To address the issue whether three-dimensional (3D) offers real operative time advantages to the laparoscopic surgical procedure, we have designed a single-surgeon prospective randomized comparison of 3D versus two-dimensional (2D) imaging during two different bariatric procedures.

Methods

Forty morbidly obese patients were randomized on the day of surgery by a random computer-generated allocation list to receive either a 3D high-definition (HD) display or 2D HD imaging system laparoscopic bariatric procedure by a single experienced surgeon. Forty operations were performed with either a 3D HD display or 2D HD imaging system. After the insertion of the access ports, both surgical procedures were divided in component tasks, and the execution times were compared.

Results

The execution times for the entire procedure and the single tasks were not significantly different between the 2D and 3D groups during sleeve gastrectomy. The execution times for the entire procedure and the single tasks, except for the first one, were significantly different between the 2D and 3D groups during mini-gastric bypass (p < 0.05).

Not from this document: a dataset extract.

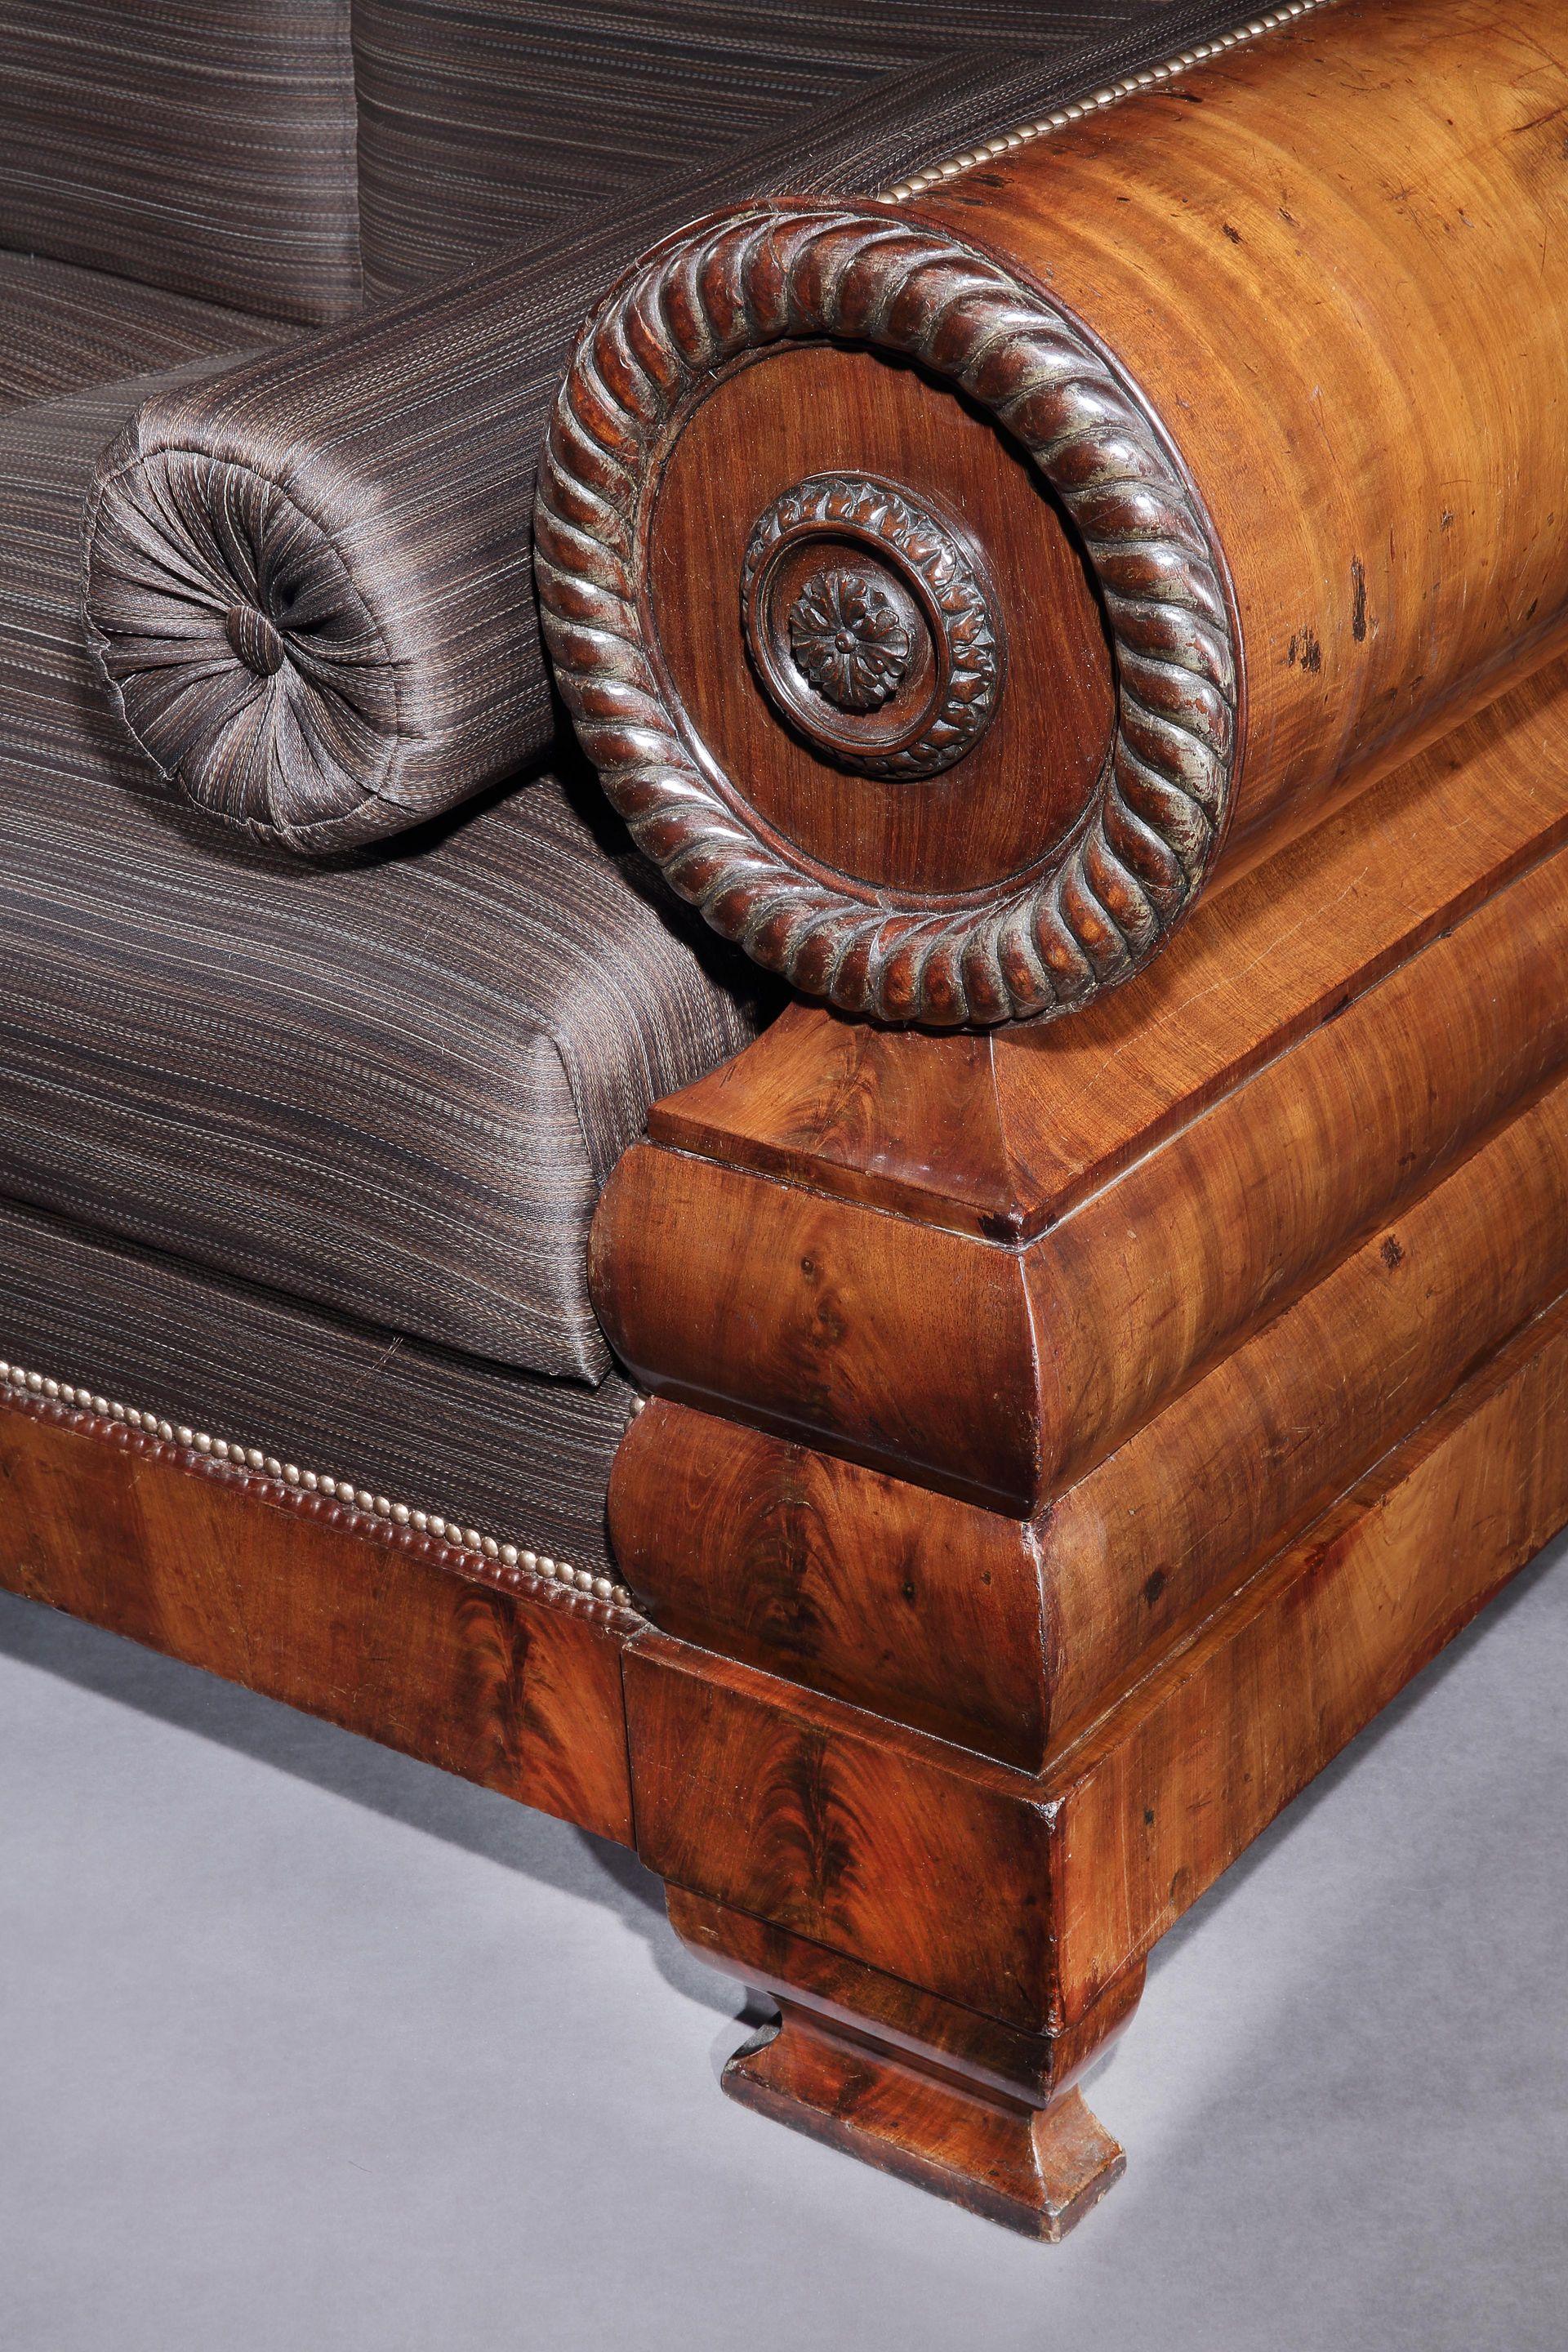 This handsome settee is in rare original condition retaining all the original timber and horsehair stuffings. The form is bold and fluid and the carved ornament very well executed. The carpenter has used veneers with exceptional graining which are a
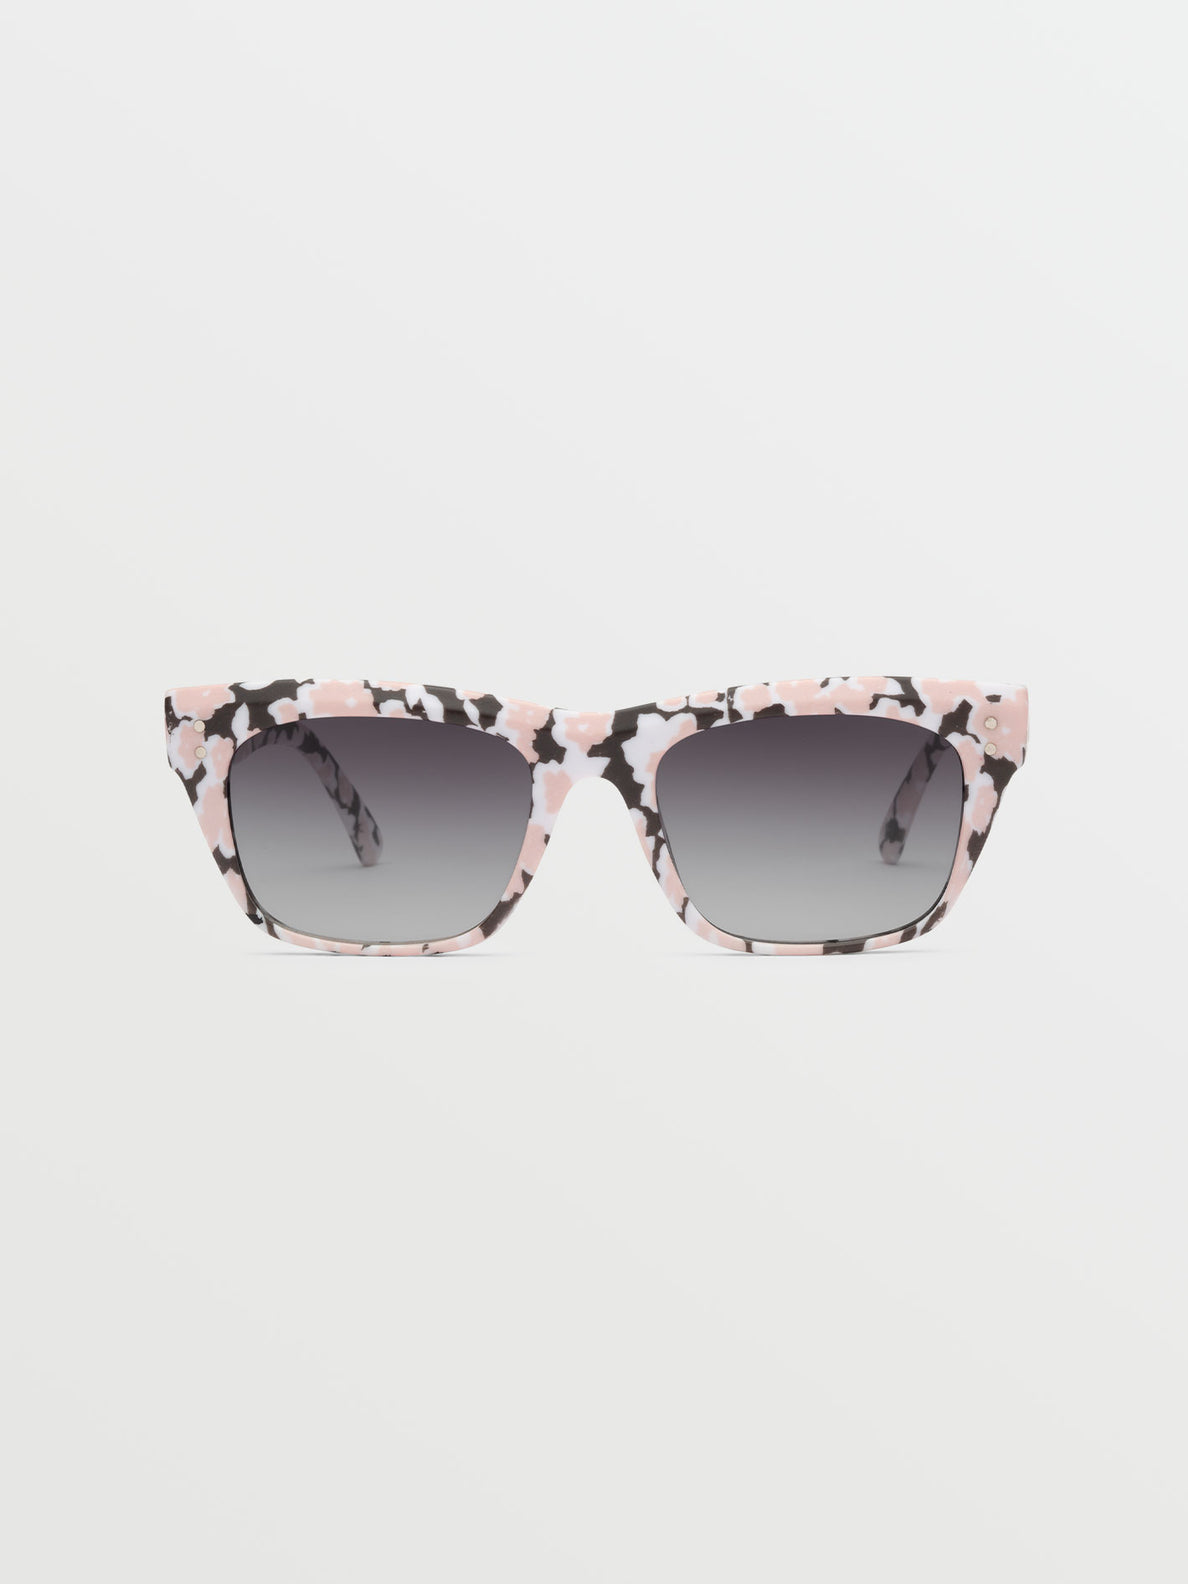 Stoneview Sunglasses - What's Poppin/Gray Gradient

The surgeon experienced better depth perception with the 3D system and subjectively reported less strain using 3D vision system rather than the 2D system particularly during longer procedure.

Conclusions

3D imaging seems to decrease the performance time of more difficult bariatric procedures, which involve surgical tasks as suturing and intestinal measurement. Further comparative studies are necessary to address the issue if novice surgeons could benefit from reduced learning curve requested with 3D vision and to verify with greater numbers if 3D imaging can reduce complications.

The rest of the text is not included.